サイエンス

光の反射率約98%の「世界一白い塗料」をかつての半分以下の薄さで実現、飛行機や自動車の塗装へ利用可能なレベルに


パデュー大学機械工学部のシュウリン・ルァン教授の研究チームが開発する、光の反射率98.1%という「世界一白い塗料」を、反射率はほぼ同じでありながら、従来の半分以上の薄さで塗ることができる新塗料を開発したと発表しました。

Thin layer lightweight and ultrawhite hexagonal boron nitride nanoporous paints for daytime radiative cooling - ScienceDirect
https://doi.org/10.1016/j.xcrp.2022.101058

World’s whitest paint now thinner than ever, ideal for vehicles - Purdue University News
https://www.purdue.edu/newsroom/releases/2022/Q4/worlds-whitest-paint-now-thinner-than-ever,-ideal-for-vehicles.html

ルァン教授の研究チームが開発した世界一白い塗料がどういうものなのかについては、以下の記事を読むとよくわかります。
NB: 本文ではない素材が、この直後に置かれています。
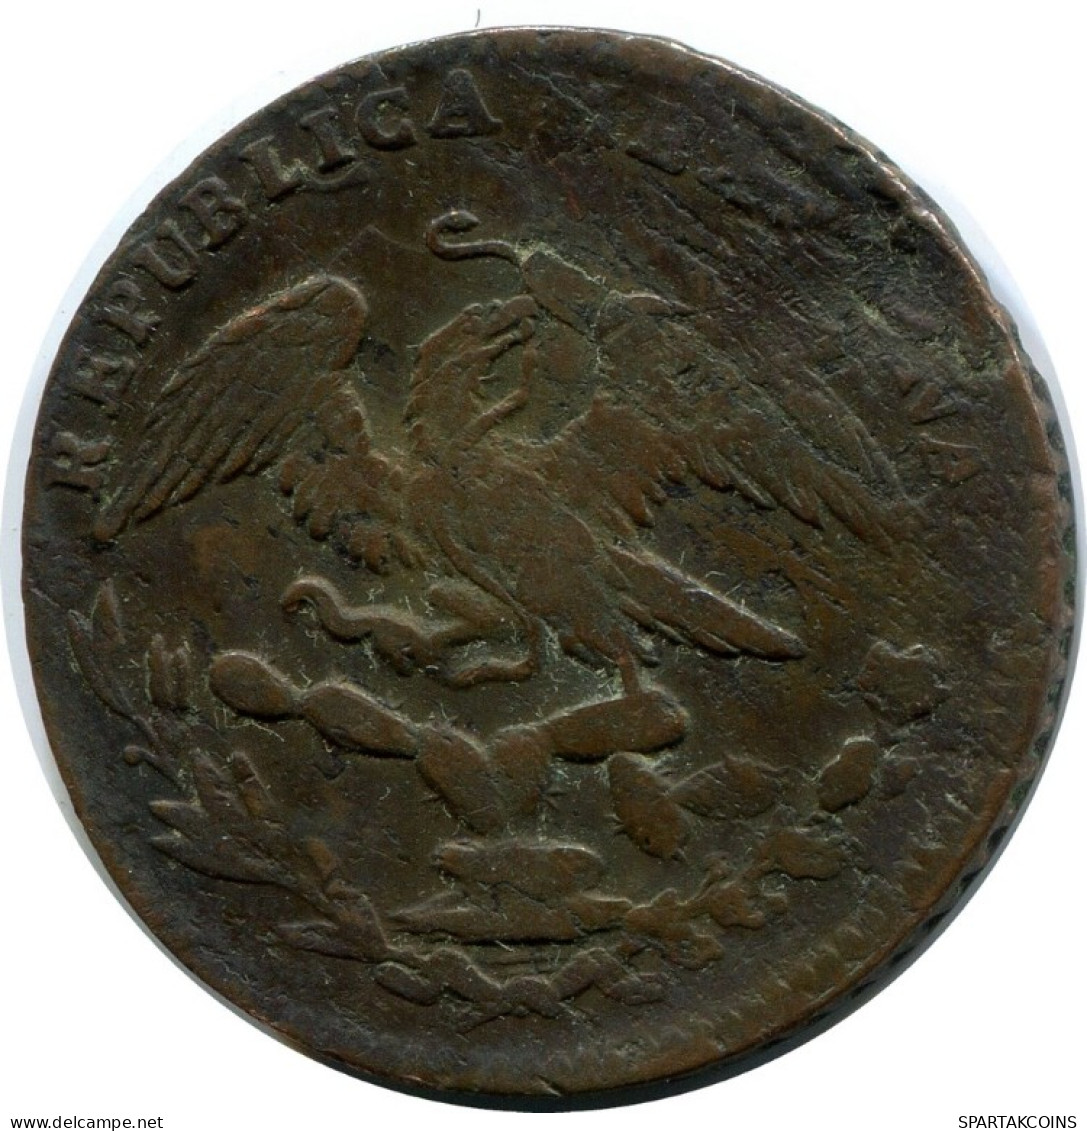 1/4 REAL 1835 MA "Quarto/Quartilla" MEXICO Coin #AH387.5.U.A - Mexiko
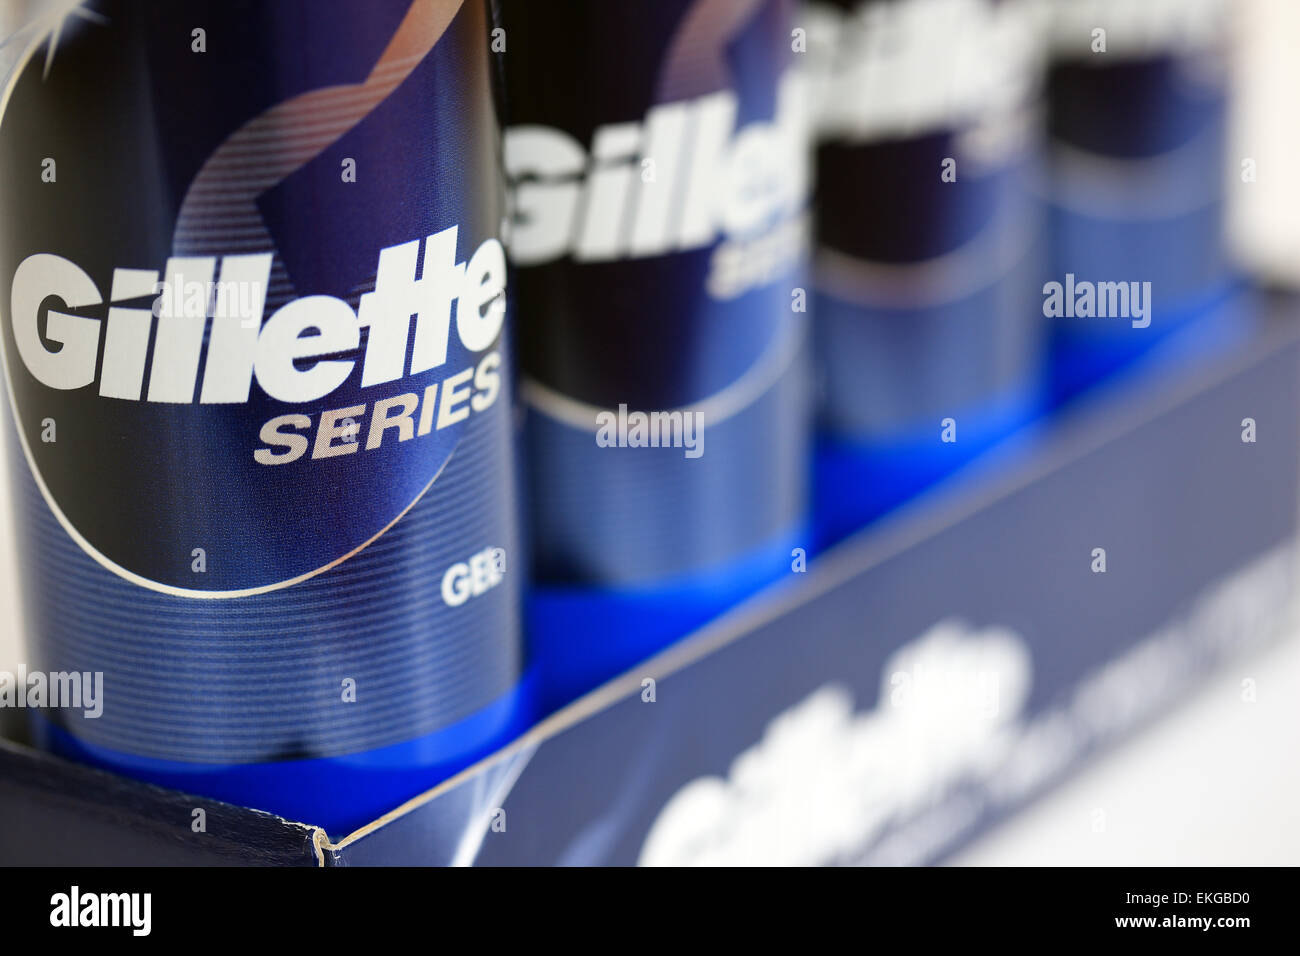 Gillette series shaving gel Stock Photo

光の98%以上を反射する「最も白い塗料」が開発される、白すぎて塗った物体が冷える - GIGAZINE


「白い」ということは「当たった可視光線の波長をほとんど反射している」ことを意味します。つまり、光の反射率が高ければ高いほど、その物質は白いということになります。そして、光の反射率が高ければ、光の吸収率が低くなるので、光によって温まりにくくなります。例えば、ビルの屋上を白く塗る方が、黒く塗るよりも光の吸収率がはるかに低いので、ビル内部も温められにくくなり、冷房などの節約につながることが期待できます。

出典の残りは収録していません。